The Pensions Act 2008 (the "2008 Act") received Royal Assent on 26 November 2008. The 2008 Act will significantly extend the powers of the Pensions Regulator (the "Regulator") to issue contribution notices to entities and individuals connected with a defined benefits pension scheme. This will increase the Regulator's ability to require people and businesses that are not directly responsible for pension schemes to pay for them.

This Commentary briefly summarises the current position and highlights the features of the new legislation that are of importance to the private equity industry.

The Present Law

Under the Pensions Act 2004 (the "2004 Act"), the Regulator has the ability to issue a contribution notice to all parties associated or connected with an employer of a defined benefit pension scheme, demanding that they contribute an amount decided by the Regulator to that scheme. Associated or connected parties in this context include other group companies, any shareholder with at least a one-third shareholding or with significant control exercised through special investor rights (such as a significant private equity investor) and any employer of a director of the employing company (such as a manager of private equity funds which appoints a special director to an investee company's board).

At present the Regulator may issue contribution notices to a person who was a party to (or associated or connected with such party) an act (or failure to act) that occurred on or after 27 April 2004 where, in the reasonable opinion of the Regulator, a main purpose of that act (or failure to act) was to prevent or reduce the recovery of, or the amount of, any debt payable by the employer to the scheme. The payments that may be demanded under a contribution notice can be substantial and are intended to be punitive. The Regulator has the ability to issue a contribution notice up to six years after the act (or failure to act).

When the 2004 Act came into force in 2005, there was particular concern amongst private equity investors that, having "deeper pockets" than some other investors, their funds might be particularly vulnerable to attack.

In late 2008 private equity investor Duke Street Capital ("Duke Street") was forced by the Regulator to call in approximately £8 million from investors to reduce the pensions deficit of the Focus DIY fund, a fund of a business that it had sold over a year previously. Duke Street was approached in its capacity as the only vendor of the business whose interest exceeded one-third before the sale. The action taken by the Regulator was in the context of potentially issuing a contribution or financial support direction and indicates the Regulator's willingness to exercise its substantial powers over private equity firms.

The risk of a contribution notice may be extinguished by obtaining a clearance statement from the Regulator. Clearance is a voluntary process that allows employers and others to obtain a statement from the Regulator that it will not use its powers in relation to a particular event. Once given, the clearance statement is binding on the Regulator, providing that the information provided to the Regulator is not materially different from the actual circumstances of the case.
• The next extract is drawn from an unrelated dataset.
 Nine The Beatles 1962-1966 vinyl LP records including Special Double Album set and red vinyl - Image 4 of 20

The "Material Detriment" Test: New Focus on Effect, Not Purpose

Under the 2004 Act, to conclude reasonably that a "main purpose" of the act (or failure to act) was to reduce or remove the liability of an employer to the scheme, the Regulator necessarily had to establish the likely intent and objectives of those involved. Private equity investors could take comfort in the analysis that their intentions rarely took into account the position of the pension scheme.
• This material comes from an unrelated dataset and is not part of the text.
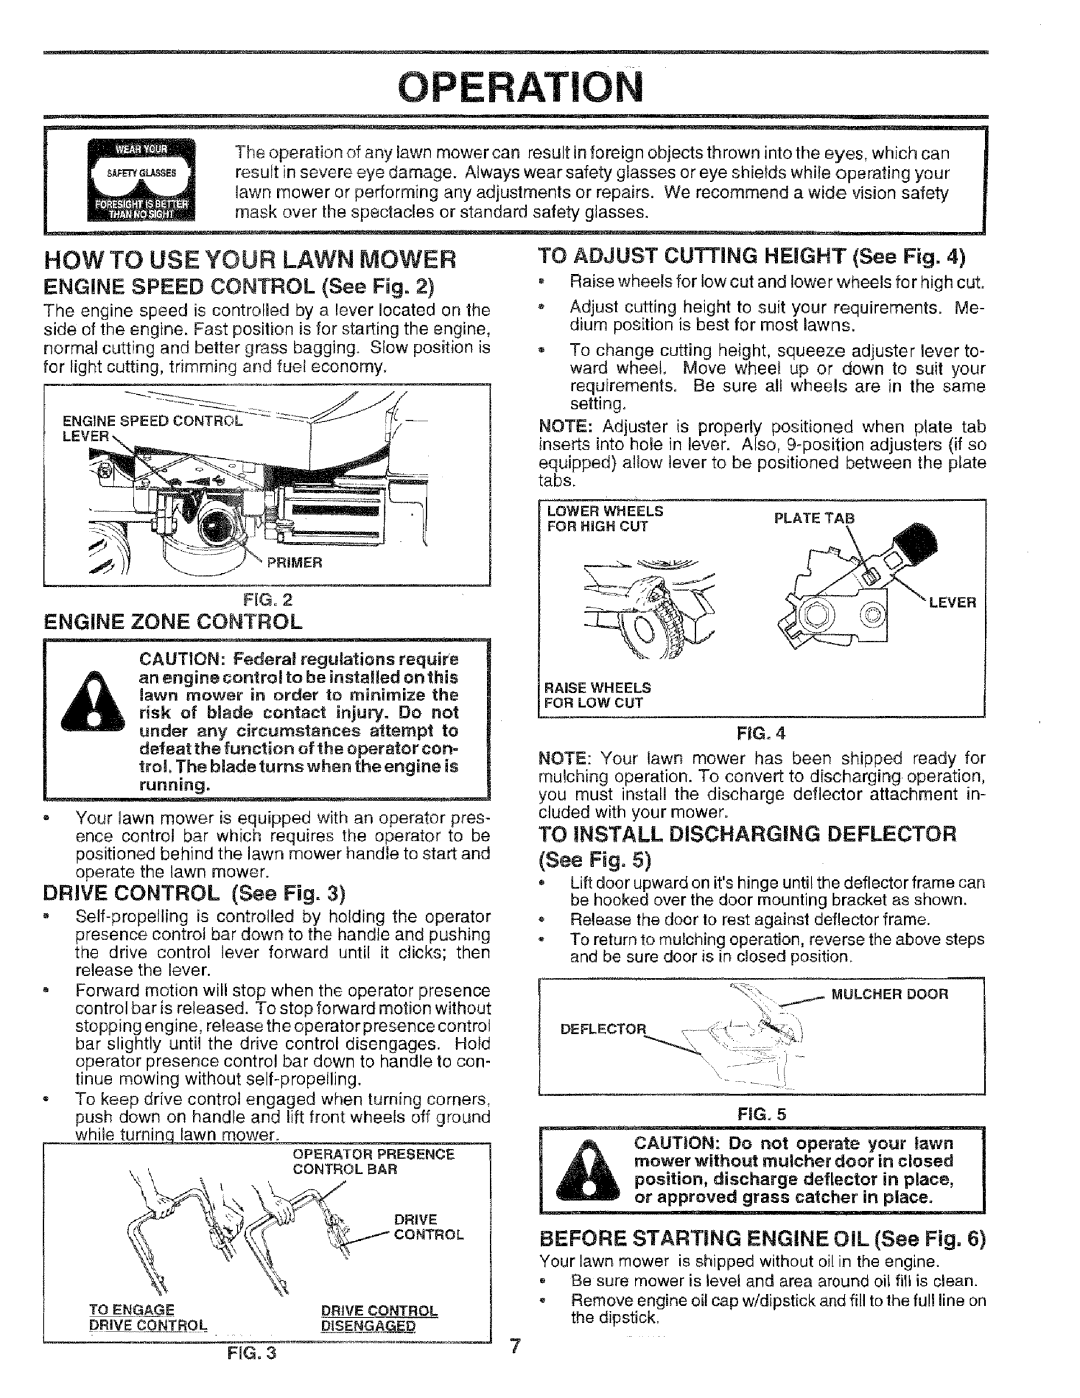 Sears 917.377201 Operation, How To Use Your Lawn Mower, TO ADJUST CUTTING HEIGHT See Fig, ENGINE SPEED CONTROL See Fig

However, the 2008 Act expands the power of the Regulator to issue a contribution notice, enabling it to assess a transaction without having to look at the intentions of the parties. The Regulator will be able to issue a contribution notice when an act or a failure to act has, in its opinion, detrimentally affected in a material way the likelihood of accrued scheme benefits being paid in full. Thus, private equity investors may be at risk of a contribution notice despite a lack of intention to avoid or reduce an employer's liabilities towards the scheme.

The Statutory Defence

The 2008 Act provides a statutory defence against contribution notices issued on the basis of the material detriment test. The defence is applicable if the Regulator is satisfied that:

  1. the party concerned gave prior due consideration (after making diligent enquiries) to the extent to which material detriment may arise;
  2. in any case where it was considered that the act might cause material detriment, all reasonable steps were taken to eliminate or minimise the potential detriment; and having
  3. regard to all relevant circumstances, it was reasonable to conclude that material detriment would not then arise.
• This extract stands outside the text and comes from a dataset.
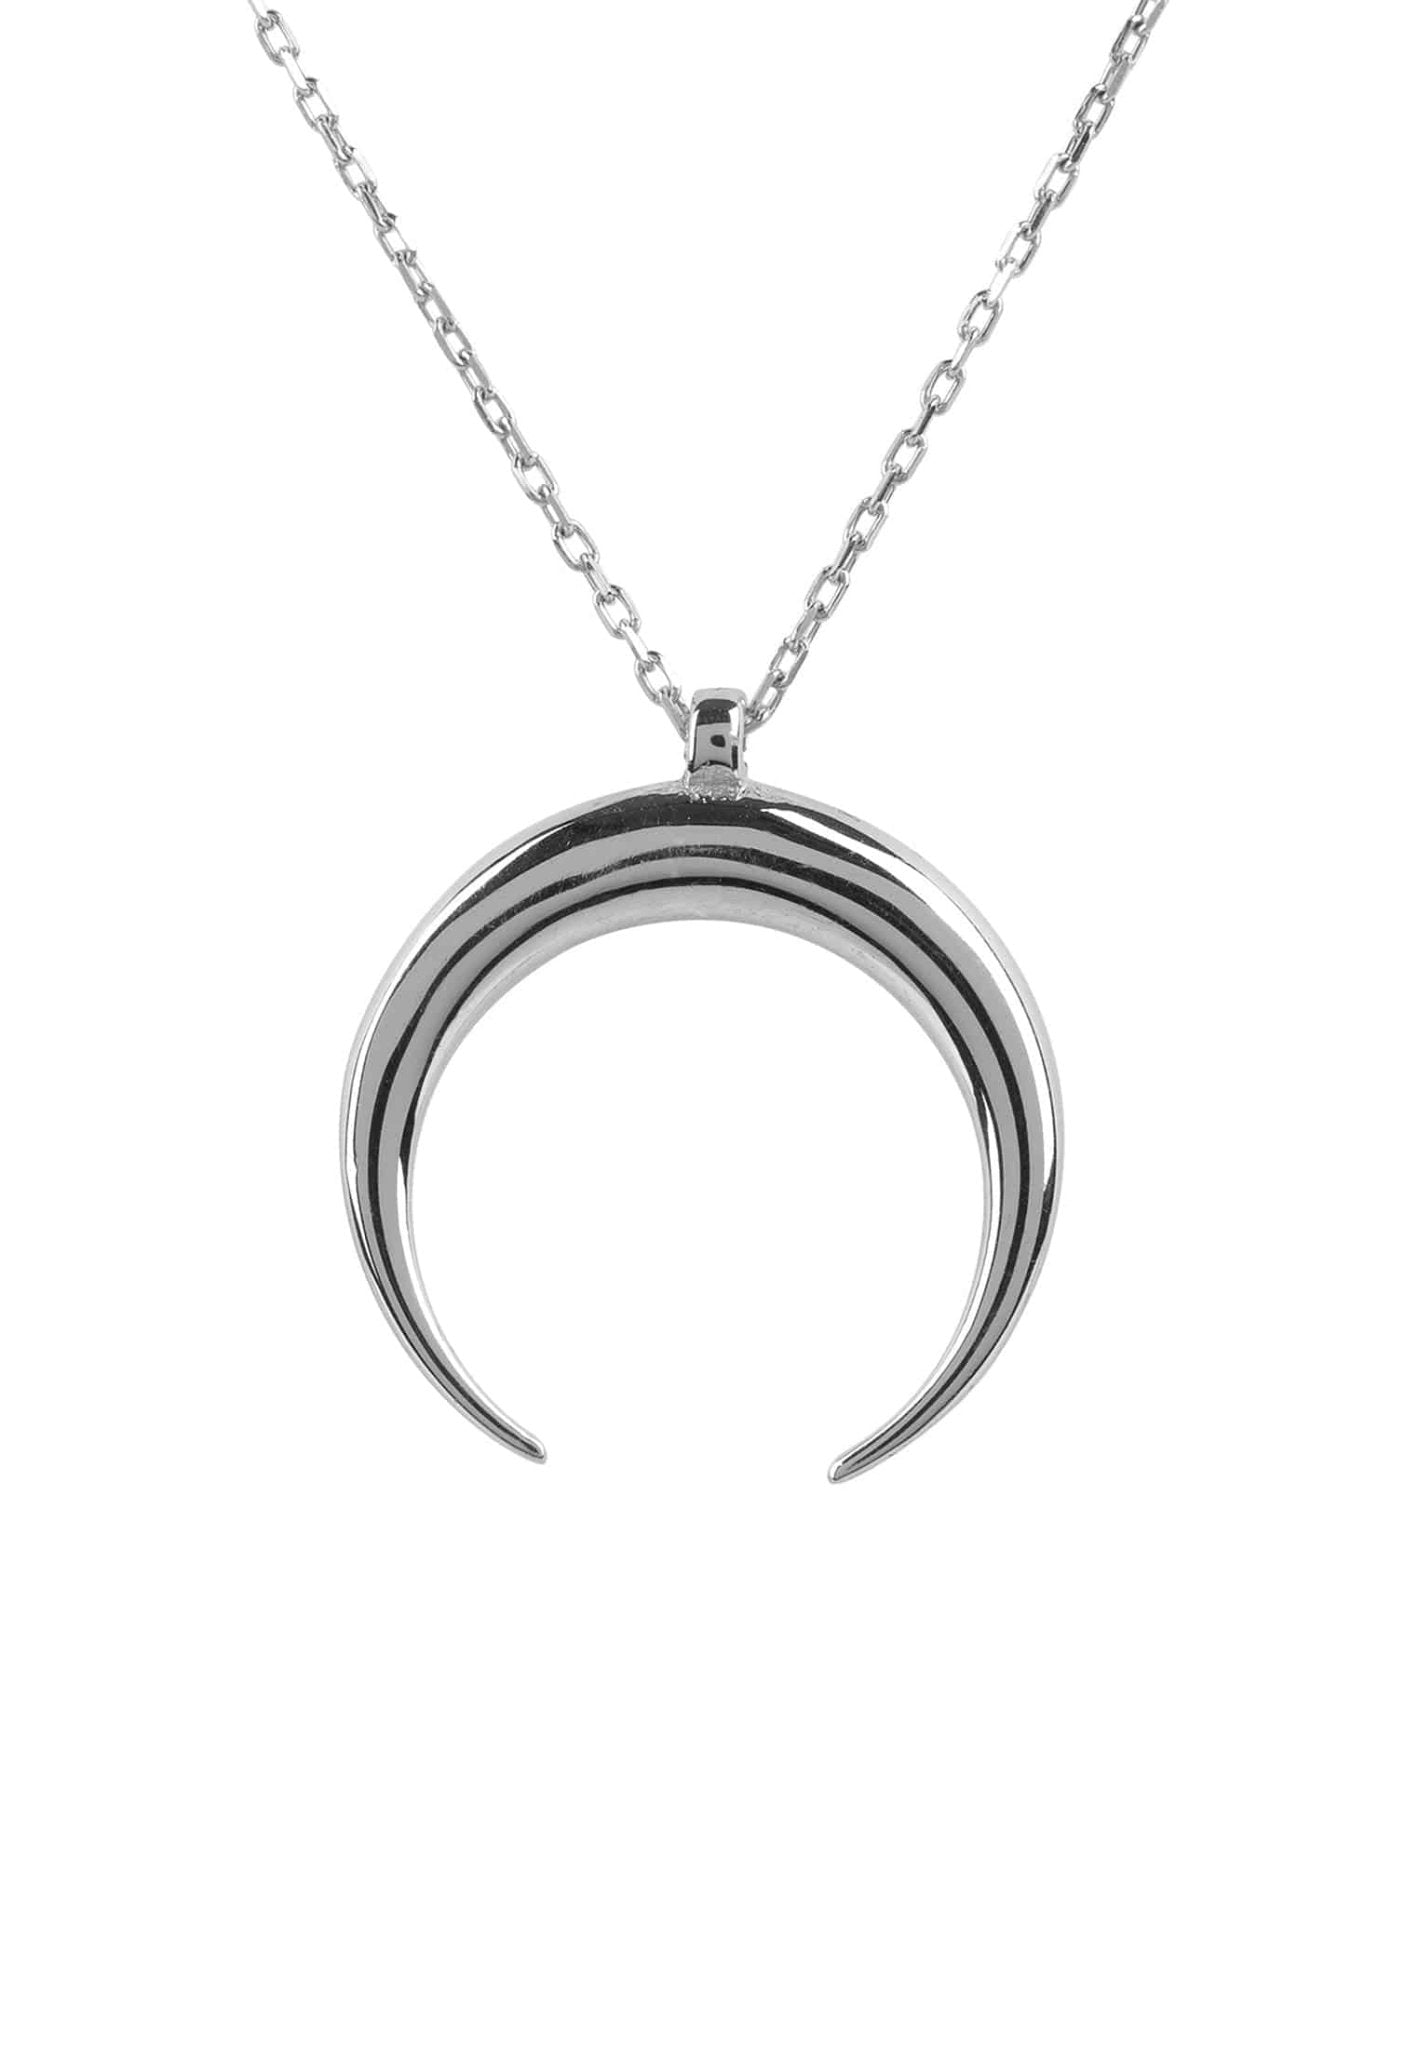 Cosmic Horn Tusk Necklace Silver - LATELITA Necklaces

In practice, financial due diligence by a professional may well provide this defence, to avoid the need for clearance. However, because all three tests must be met, if there is any suggestion in the due diligence that there is a risk of a material detriment, then the test will not have been met, and clearance will be the only remaining option.

Timetable for the Changes

The provisions of the 2008 Act establishing the new material detriment test will not come into force until the Regulator publishes a code of practice in relation to the test. This will be a statutory code of practice for the circumstances when the Regulator expects to use its powers under this new test.

However, once in force, the Regulator will be able to issue contribution notices on the new basis in respect of any act from 14 April 2008, the date on which the amendments were first proposed, so it is important to consider these issues on transactions before the amended rules are brought into force.

Consequences

This extension of the Regulator's powers will leave private equity investors more vulnerable to a contribution notice, leaving their investments at increased risk of attack. The new statutory defence is likely to be a time-consuming process, requiring professional assessment of the transaction. Consequently, the 2008 Act significantly increases the range of circumstances in which private equity investors should consider seeking clearance.